Arp Spoofing in Together Ai
How ARP Spoofing Manifests in Together Ai
Together Ai provides model inference over HTTPS endpoints such as https://api.together.xyz/v1/completions. Clients authenticate with a Bearer token in the Authorization header and send JSON payloads that contain prompts, model parameters, and sometimes sensitive data. When an attacker is on the same Layer‑2 network (e.g., a shared Wi‑Fi, corporate LAN, or a compromised container host), they can perform ARP spoofing to convince nearby devices that the attacker’s MAC address belongs to the Together Ai API gateway.
Once the ARP tables are poisoned, traffic destined for the Together Api endpoint is redirected to the attacker’s machine. The attacker can then:
- Perform a classic man‑in‑the‑middle (MITM) attack and capture the Authorization header, thereby stealing the API key.

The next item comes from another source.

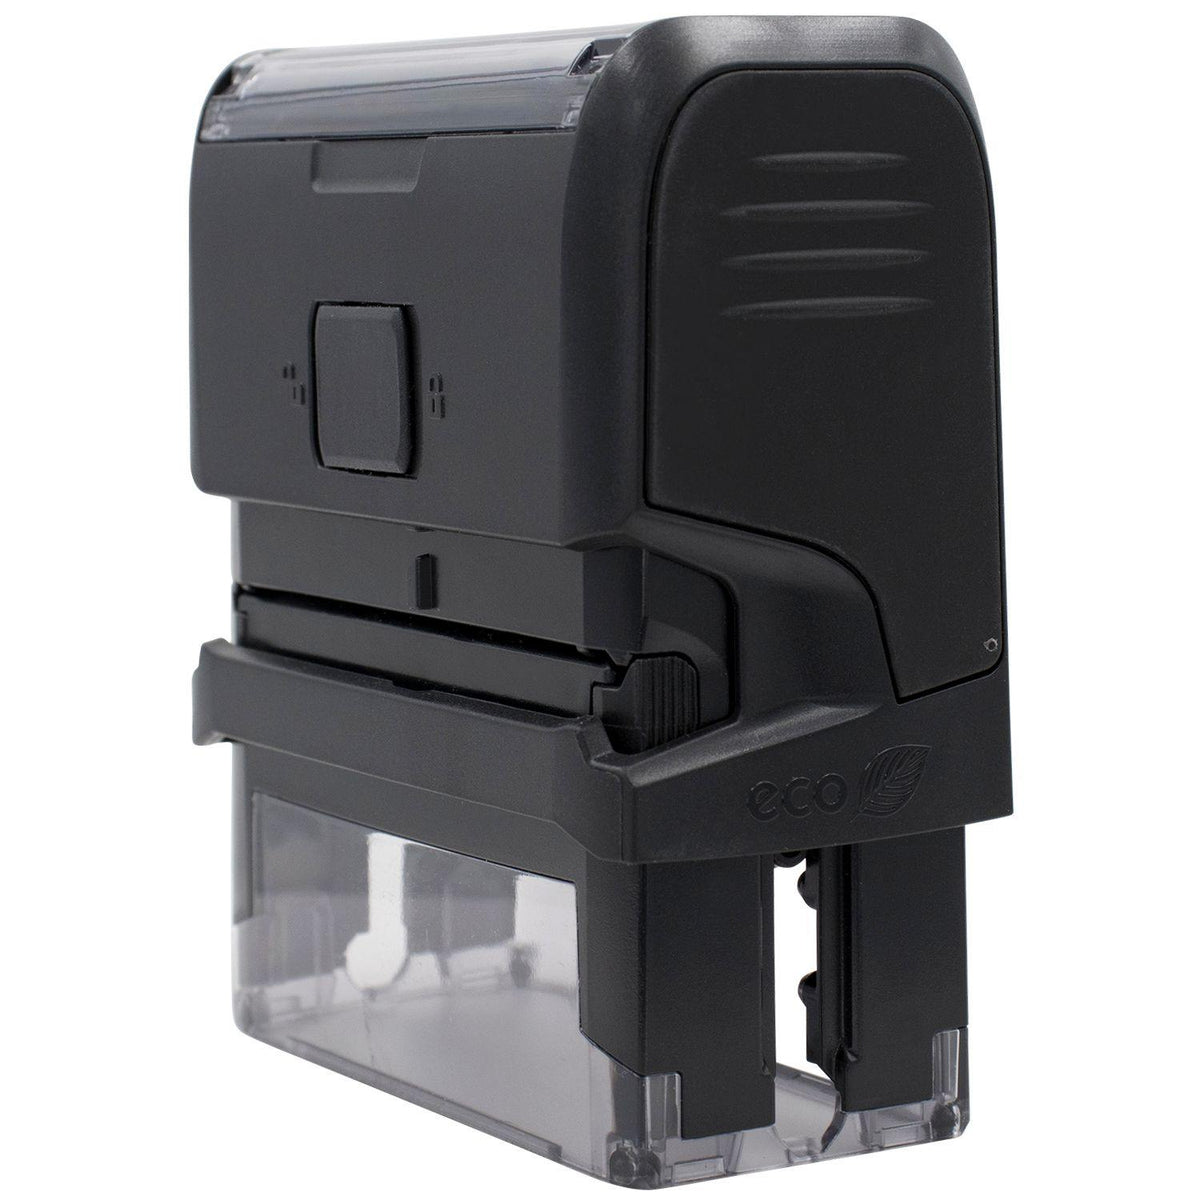 Self Inking COD Stamp - Engineer Seal Stamps - Brand_Trodat, Impression Size_Small, Stamp Type_Self-Inking Stamp, Type of Use_Business, Type of Use_Finance, Type of Use_Office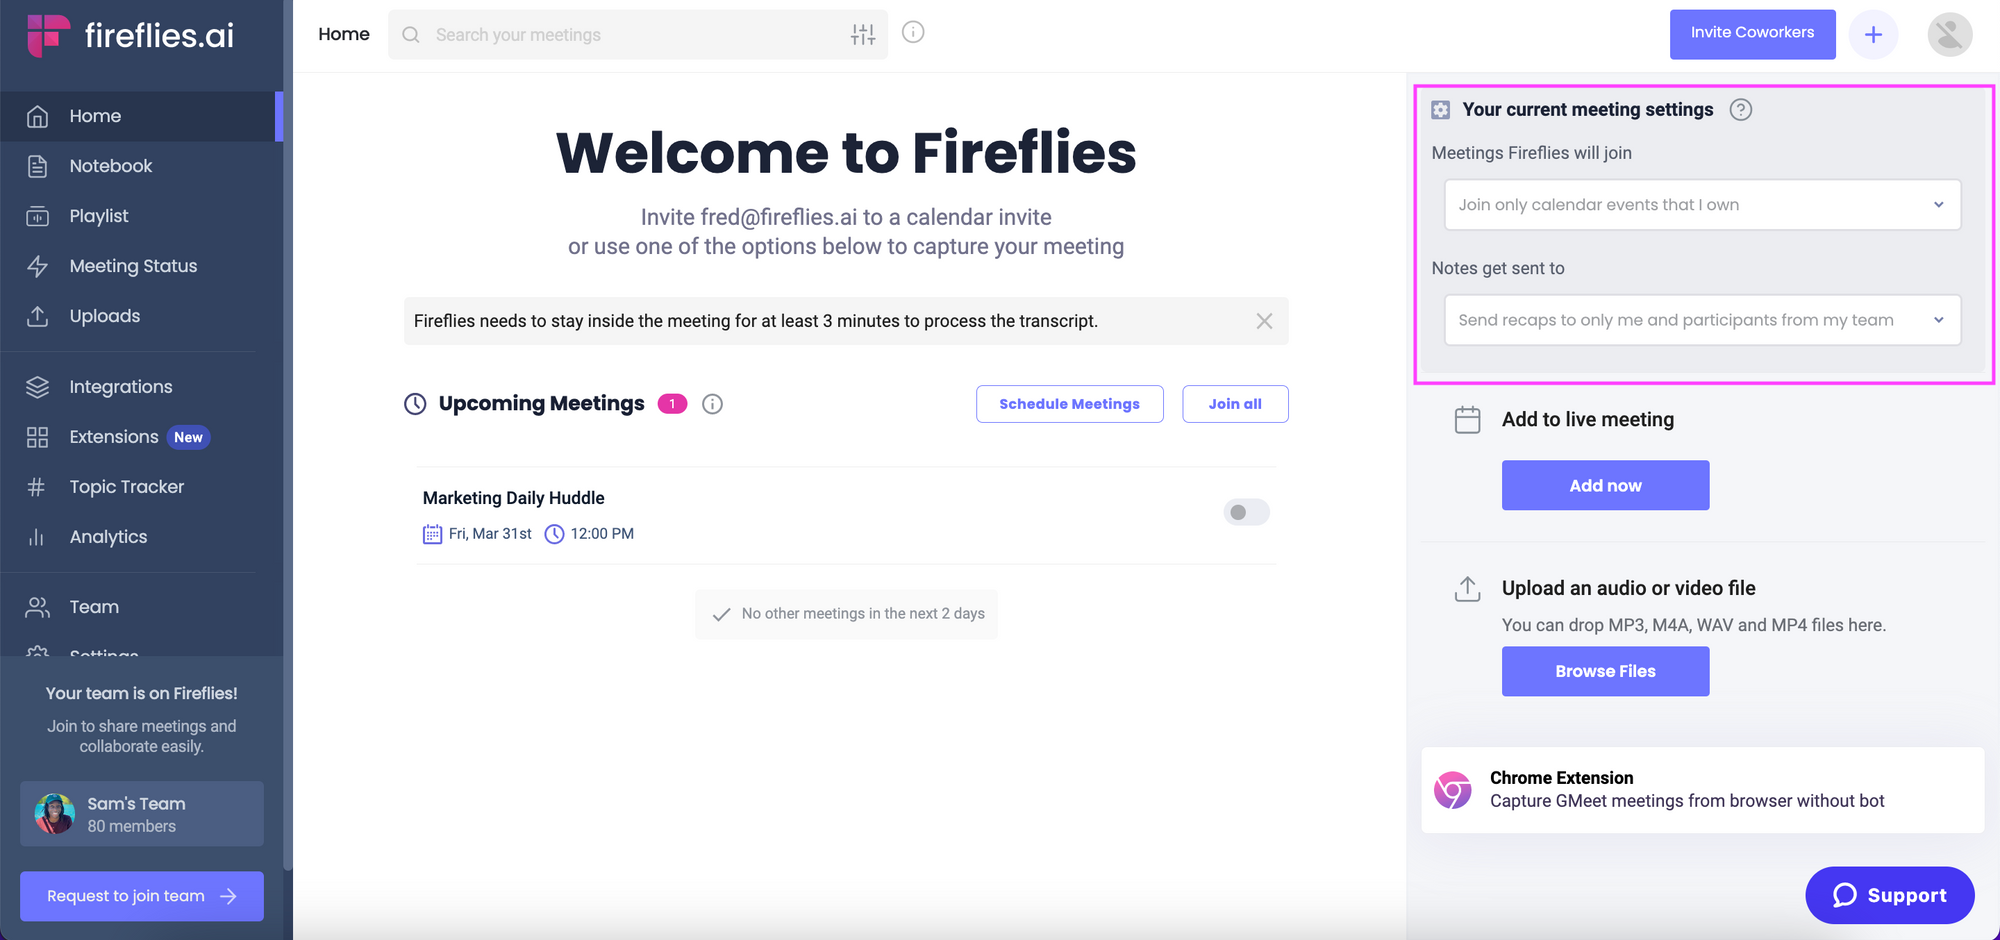 How to use ChatGPT for meetings - Fireflies Auto-join and recap settings

- Replay or modify requests: inject malicious prompts that cause the model to emit disallowed content, exfiltrate data, or trigger costly model invocations (the latter is flagged by middleBrick’s LLM/AI security check for cost exploitation).
- Alter responses: embed executable code or PII in the model output, which the client may then execute or store, leading to secondary compromise.
Because the Together Ai API is typically accessed via standard HTTP libraries without additional network‑level protections, a successful ARP spoof gives the attacker full visibility into the request/response stream and the ability to act as a trusted intermediary.
Together Ai-Specific Detection
Detecting ARP spoofing directly from an API scan is outside middleBrick’s scope, but the scanner can reveal the conditions that make an API vulnerable to MITM attacks and highlight successful exploitation attempts.
When you run a middleBrick scan against a Together Ai endpoint, the following checks are particularly relevant:
- Encryption – verifies that TLS is enforced, checks for weak cipher suites, and flags missing HSTS headers. Absence of strong TLS makes traffic easier to intercept once ARP is poisoned.
- Data Exposure – scans responses for leaked API keys, tokens, or internal IPs that could aid an attacker in refining a MITM attack.
- LLM/AI Security – runs active prompt‑injection probes; if an attacker can inject via a compromised channel, these probes will detect successful instruction override or data exfiltration attempts.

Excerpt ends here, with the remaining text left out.